Unions representing workers at 20 different early childhood education employers across NSW, the ACT and Victoria will go before the Fair Work Commission on Tuesday – the first day the new laws come into effect.
Independent Education Union NSW/ACT secretary Mark Northam said it was the first step to addressing issues across the sector.
“Four-year university-trained ECEC (early childhood education and care) teachers in some long day care centres are only paid modern award rates,” he said in a statement.
“This means they could be earning $30,000 a year less than school teachers with the same qualifications.”
Workplace Minister Tony Burke said the new bargaining laws would help get wages moving.
“The reason the government changed the laws last year … was because a whole lot of people who got themselves in front of the award had done it through enterprise bargaining, but in feminised industries like early childhood education, it just wasn’t working,” he told ABC Radio.
“It’s not just getting wages moving when it’s a feminised industry – it also helps close the gender pay gap.”
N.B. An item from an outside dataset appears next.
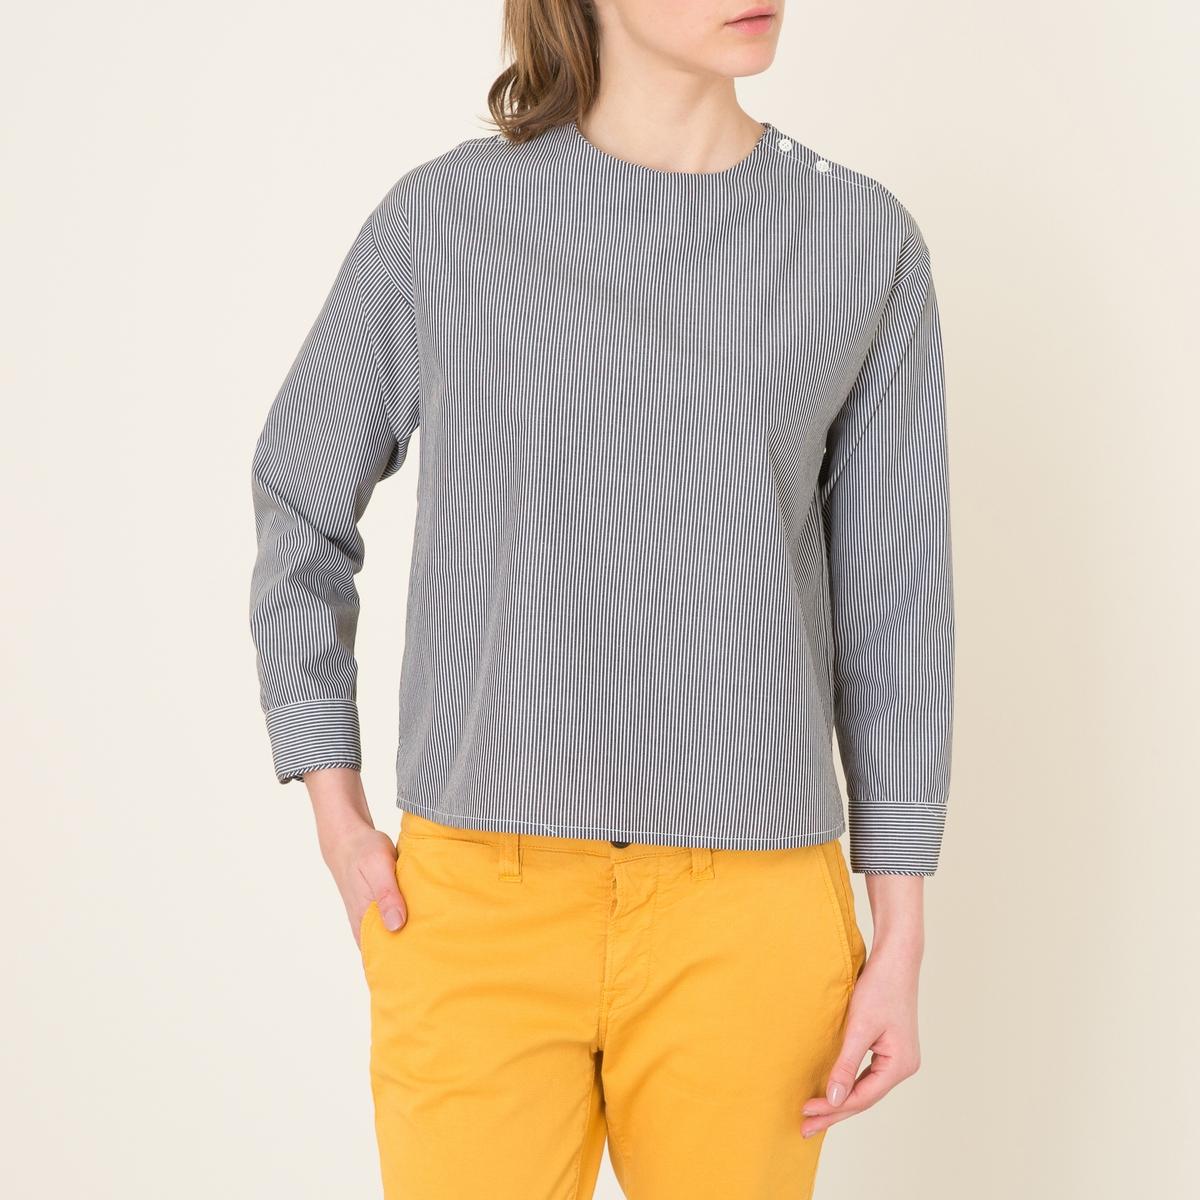 Блузка в полоску BENJAMINБлузка в полоску SOEUR - модель BENJAMIN из хлопка . Круглый вырез. Пуговицы на плечах. Длинные рукава. Манжеты с застежкой на пуговицы. Закругленный низ с разрезом по бокам .Состав и описаниеМатериал : 100% хлопокМарка : SOEUR<br><br>Цвет: белый/ черный
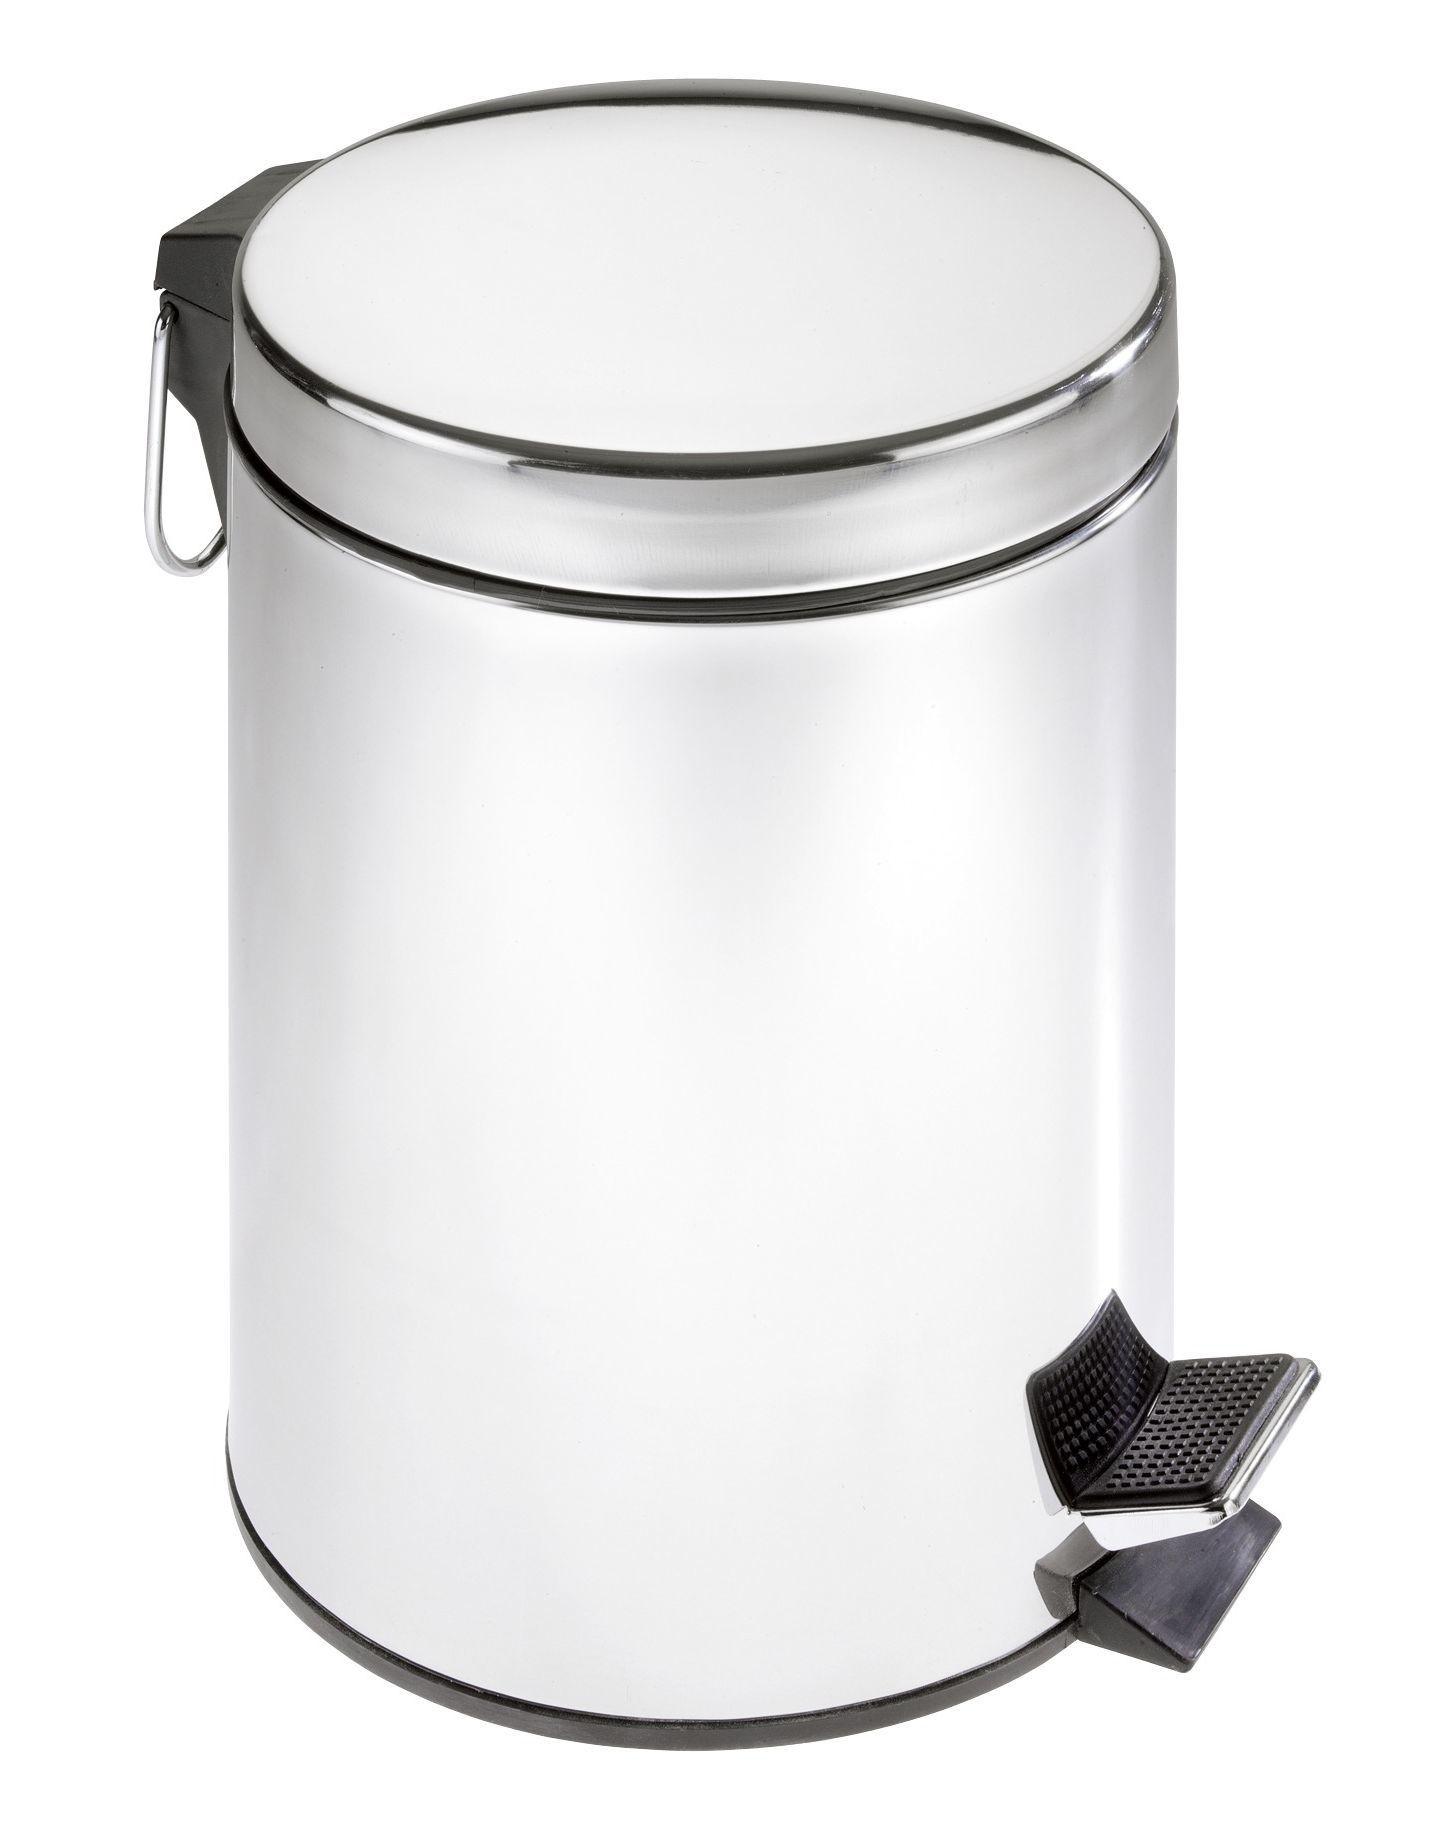 Wenko Kosmetik-Treteimer Edelstahl, 5 Liter, rostfrei

Under the reforms legislated last year, parents and carers of children will have better access to flexible working arrangements to help juggle responsibilities, and the Fair Work Commission now has bolstered powers to resolve bargaining disputes.
Business groups are concerned by multi-employer bargaining, citing unintended consequences for employees.
The coalition argued multi-employer bargaining would drag Australia back to the 1970s, resulting in widespread strikes and disruptions.
Meanwhile, the ACTU is challenging business groups opposed to the federal government’s planned labour-hire worker reforms.
The government is seeking to introduce “same job, same pay” laws, which would close loopholes allowing companies that have negotiated a pay rate with their workers to then pay labour-hire contractors less for the same job.
Eight industry groups – including the Australian Chamber of Commerce and Industry, the National Farmers Federation, the Minerals Council and the Business Council of Australia – have united to oppose the reform, arguing it would deny contract workers the ability to negotiate “more pay for harder work”.
Opposition workplace spokeswoman Michaelia Cash said the proposal would be detrimental to business.
“It’s not limited to labour hire,” she told ABC Radio.
“Listen to the employers – it also covers any service contractors who provide services to another business.
“At a time when businesses across Australia are crying out for staff, Labor look to introduce legislation which will tie Australia’s employers up in red tape and make it more difficult to hire Australian workers.”
Mr Burke said businesses were still taking part in negotiations on labour-hire issues but hit back at claims made by the groups.
“Yesterday was one of the strangest debates I’ve ever found myself in because business was running a passionate campaign against a policy that the government is not proposing,” Mr Burke said.
ACTU secretary Sally McManus pointed to the national carrier, Qantas, saying union research showed it had split its cabin crew workforce across 14 companies and contractors.
This had the effect of driving down wages and conditions, she said.
“There are staff that have been employed for over a decade on labour-hire contracts who are now onboard managers, yet get paid less than directly employed Qantas staff,” Ms McManus said.
“If their skills are valued enough to become management, they should be rewarded as such.”